Adding Skills into our RPG

This one was just a thought on the top of my head, but let’s say we want to add skills to our player in-game, for example if we want it to be a survival RPG style, and we want him to cut down trees, be able to cook, fish, mine, smith, etc (the point is, I want him to extract results from a skill, after a random amount of time, and that time decreases as his experience and levels increase. For example, what takes him 20 seconds to accomplish at level 1 might take him just 10 seconds at level 20). What’s a good starting point for us to start programming something like this into our game?

I would suggest running a coroutine/invoke function that is ran during a fishing, hunting, etc event, that checks to see if 10 seconds is passed at the start of the first hit/gunshot, and then when 10 seconds passed, to see if the task was completed

The time itself is relatively easy, and there are several ways to accomplish this…
If you’re just basing it on level, you can create a Stat like Stat.MiningTime that decreases as you level.

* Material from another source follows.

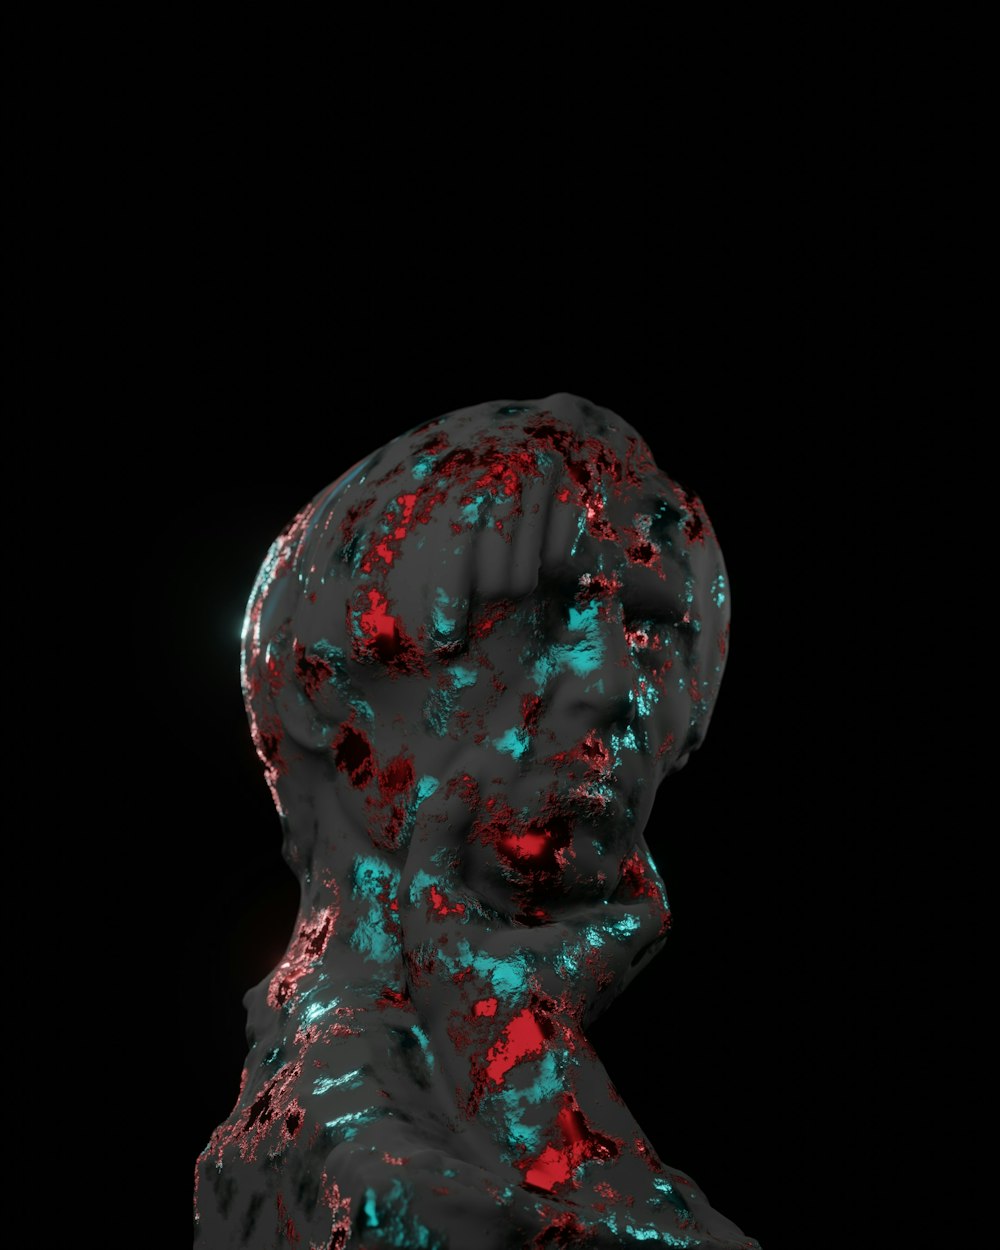 Un primer plano de una cabeza humana con un fondo negro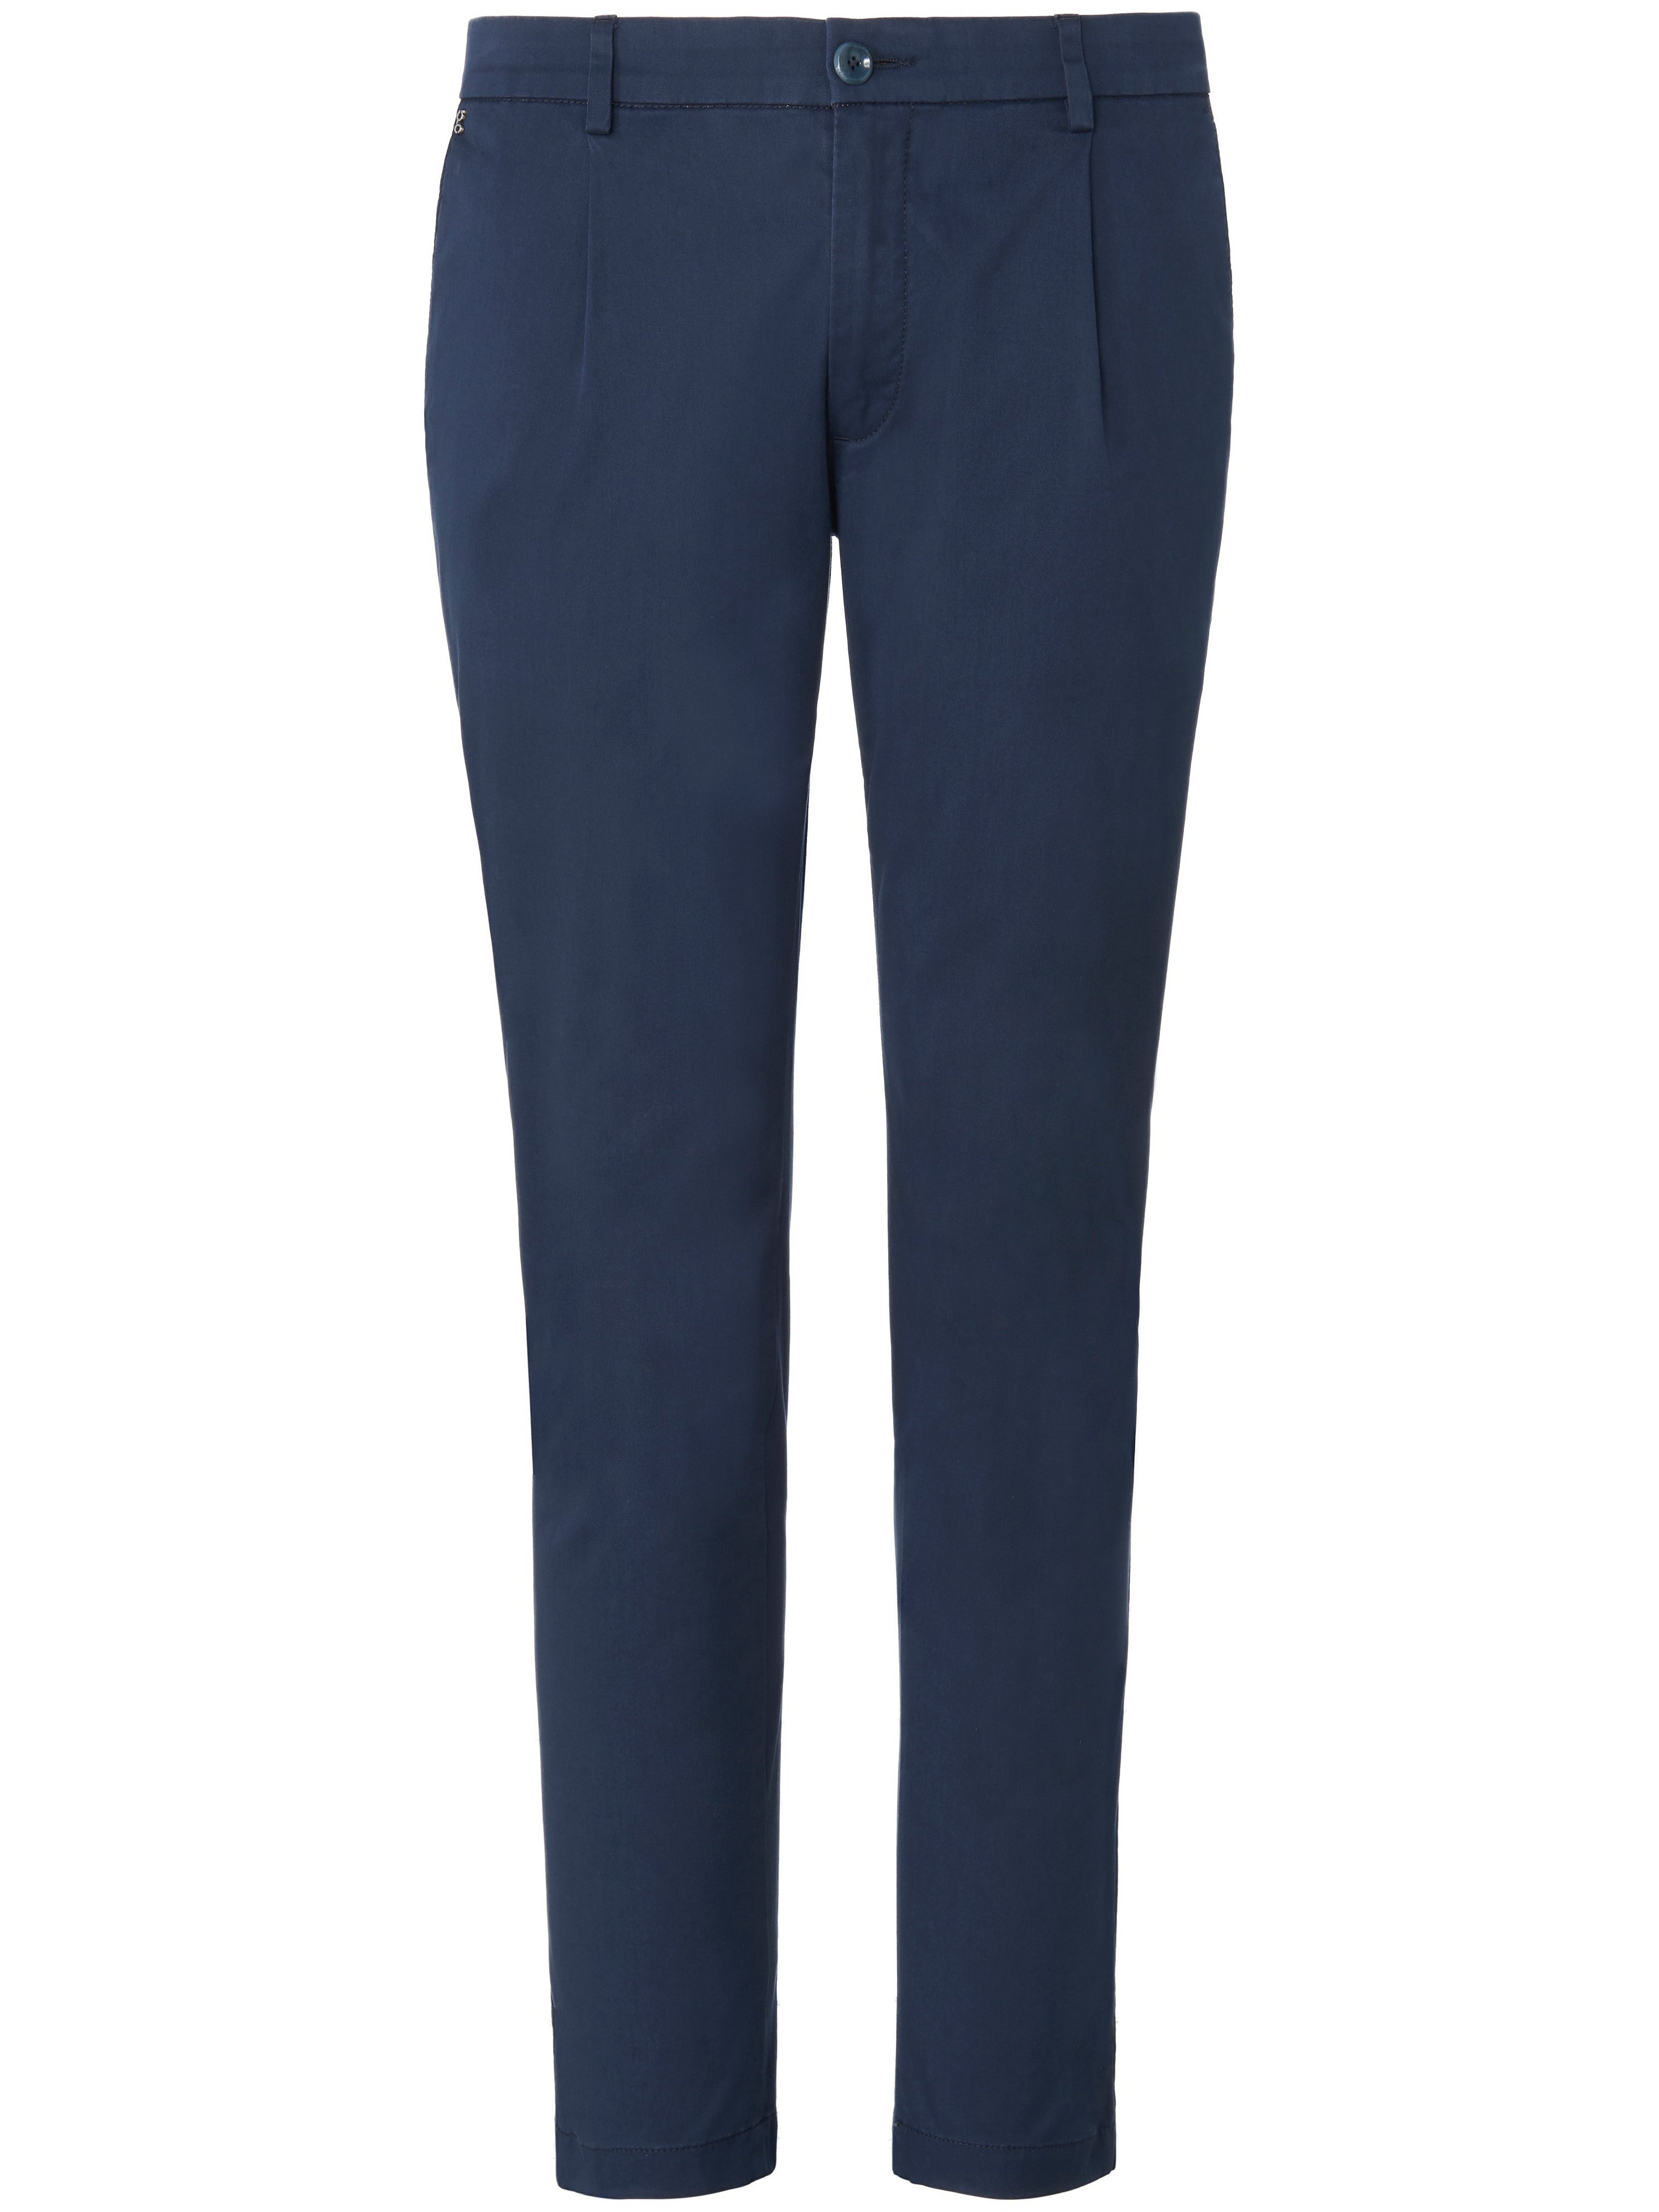 Le pantalon à pinces modèle Sergio  gardeur bleu taille 42

A more realistic approach may be to increase the skill level… for which you’d need a separate Skill Stats system like the Base Stats… You’d be tracking experience in each skill and levelling up the skill as the player earns experience by doing. Once again, you’d have some sort of either an array or formula for calculating skill time needed, or quality of loot gained by practicing the skill.

This one involves a bit of work, but all the building blocks are there within the courses.

Hi Christopher. That sounds like a solid start, but I want something… progressive, rather than time-dependant. I don’t want something that forcefully hits 10 seconds before outputting a result, especially when the stats are high

Hi Brian, I’ll definitely return to this comment in a while, as I have overloaded myself with questions and uncompleted tasks, it’s becoming a nightmare for me with this project. What similarities can be expected between the Progression Stat we built in the first course, and the task I did seek help for?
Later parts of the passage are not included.